CloudHealth multi-cloud management. Photo: CloudHealth Technologies

VMware’s chief operating officer for products and cloud services, Raghu Raghuram, says CloudHealth solves the multi-cloud operational dilemma. “With the addition of CloudHealth Technologies we are delivering a consistent and actionable view into cost and resource management, security and performance for applications across multiple clouds,” Raghuram said in a statement.

CloudHealth began offering support for Google Cloud Platform just last month. CTO Joe Kinsella told TechCrunch why they had decided to expand their platform to include GCP support: “I think a lot of the initiatives that have been driven since Diane Greene joined Google [at the end of 2015] and began really driving towards the enterprise are bearing fruit. And as a result, we’re starting to see a really substantial uptick in interest.”

It also gave them a complete solution for managing across the three of the biggest cloud vendors.
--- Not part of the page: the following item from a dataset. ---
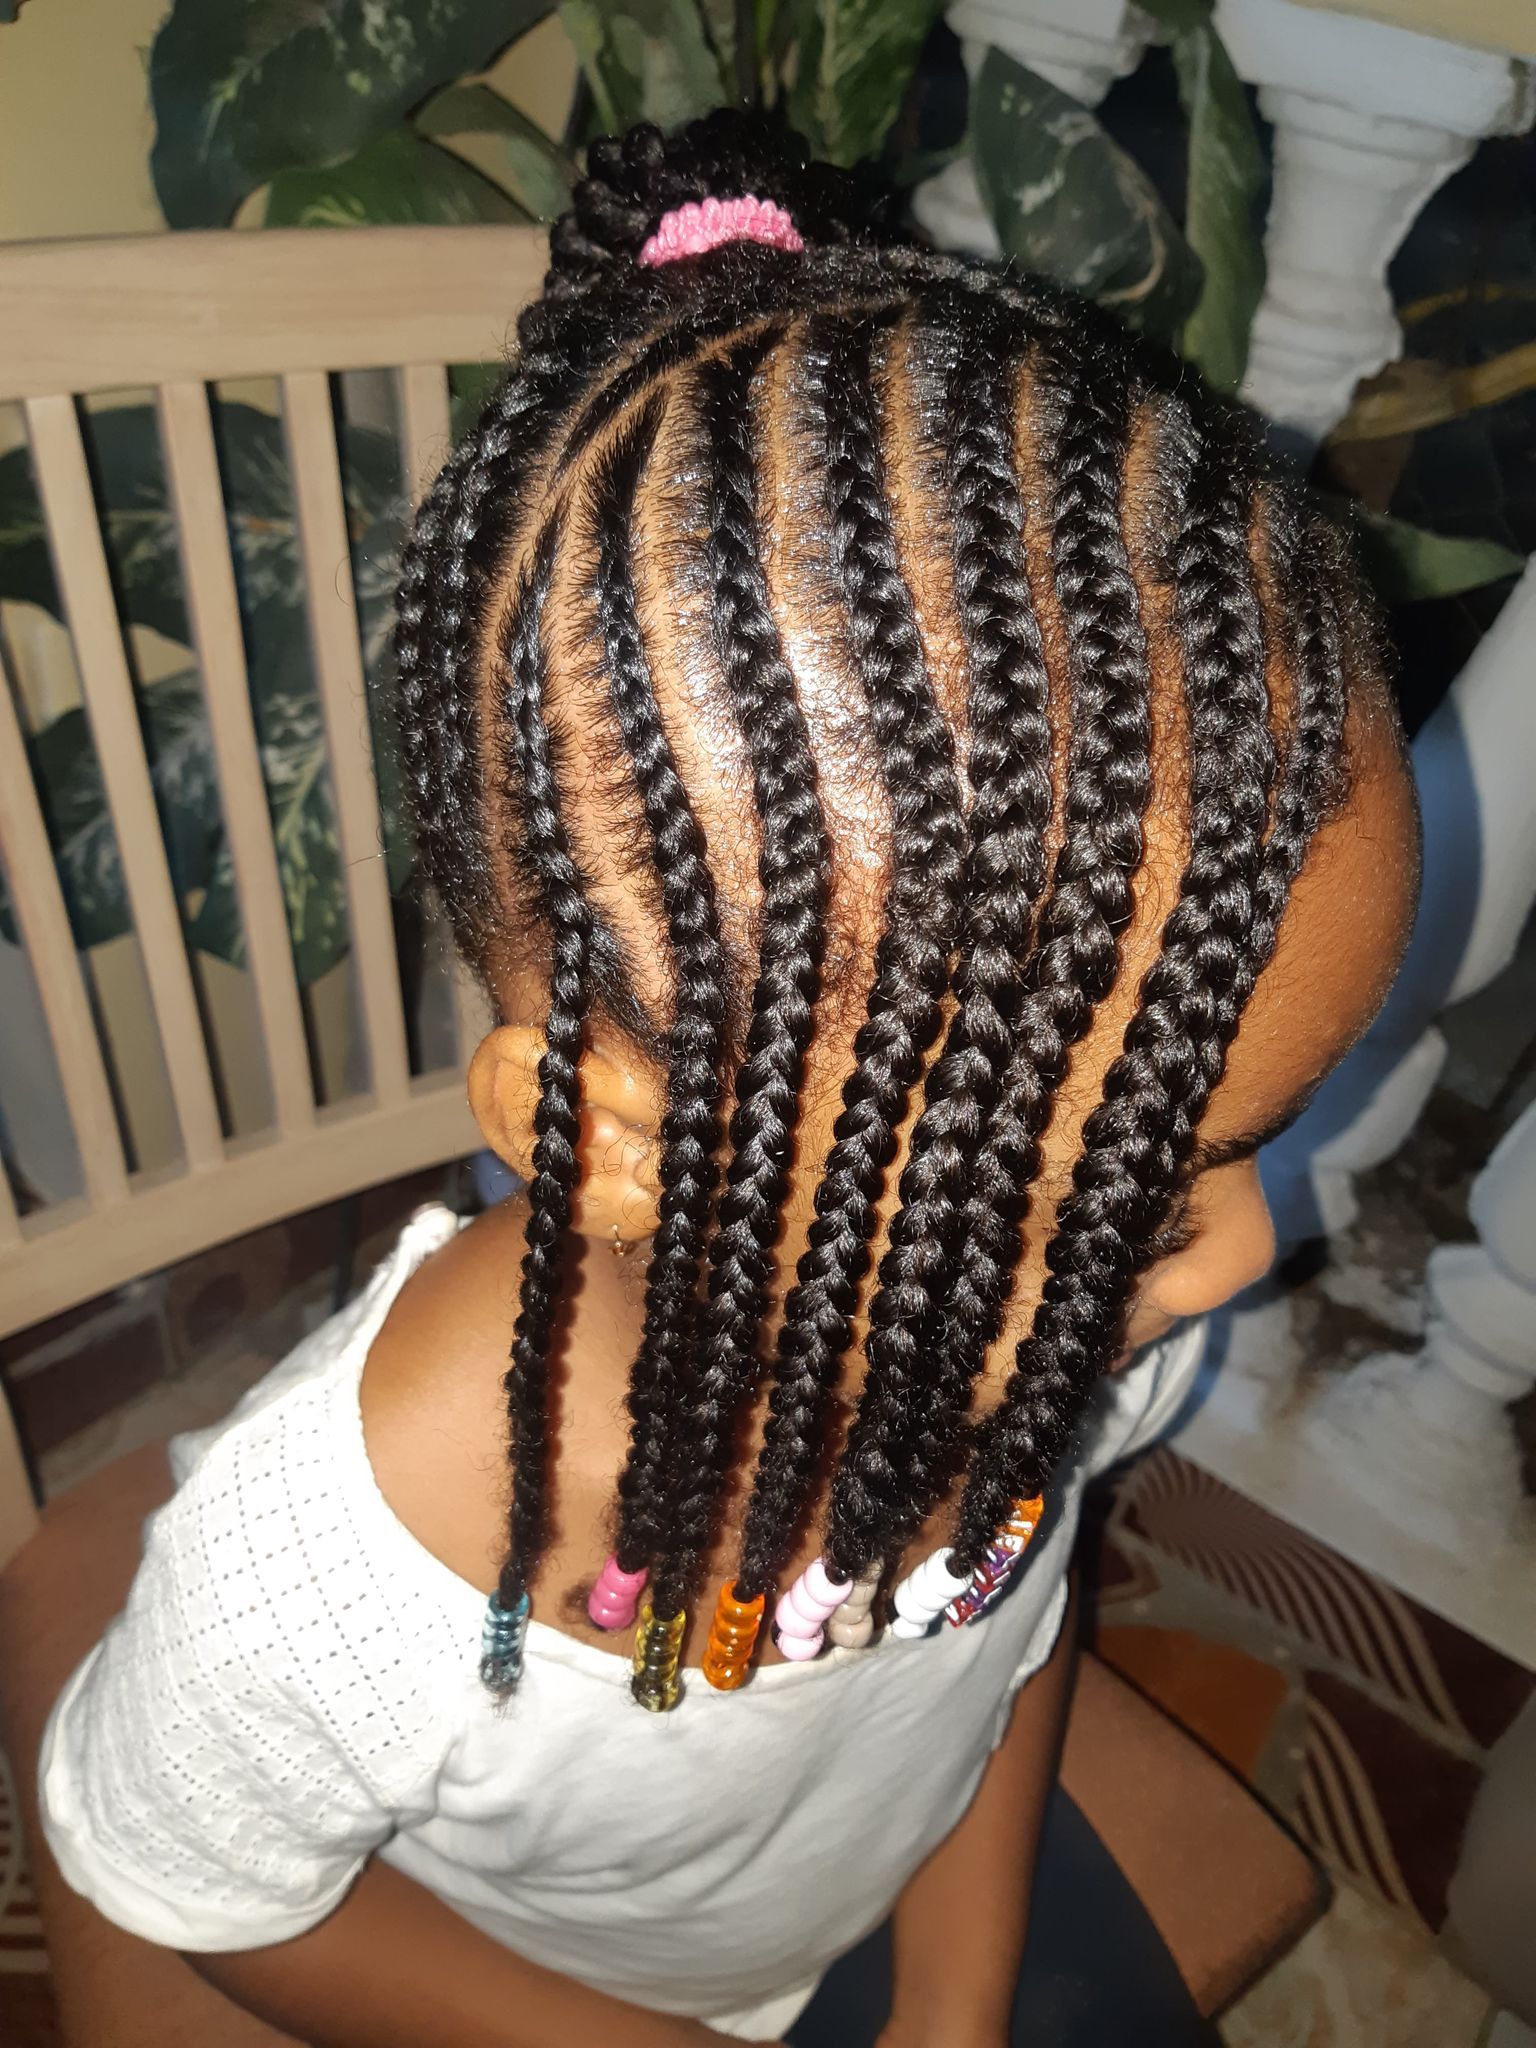 salon de coiffure afro tresse tresses box braids crochet braids vanilles tissages paris 75 77 78 91 92 93 94 95 TPJPANVY

That last piece very likely made them an even more attractive target for a company like VMware, who apparently was looking for a solution to buy that would help customers manage across a hybrid and multi-cloud environment.

The company had been planning future expansion to manage not just the public cloud, but also private clouds and data centers from one place, a strategy that should fit well with what VMware has been trying to do in recent years to help companies manage a hybrid environment, regardless of where their virtual machines live.

With CloudHealth, VMware not only gets the multi-cloud management solution, it gains its 3000 customers which include Yelp, Dow Jones, Zendesk and Pinterest.

CloudHealth was founded in 2012 and has raised over $87 million. Its most recent round was a $46 million Series D in June 2017 led by Kleiner Perkins. Other lead investors across earlier rounds have included Sapphire Ventures, Scale Venture Partners and .406 Ventures.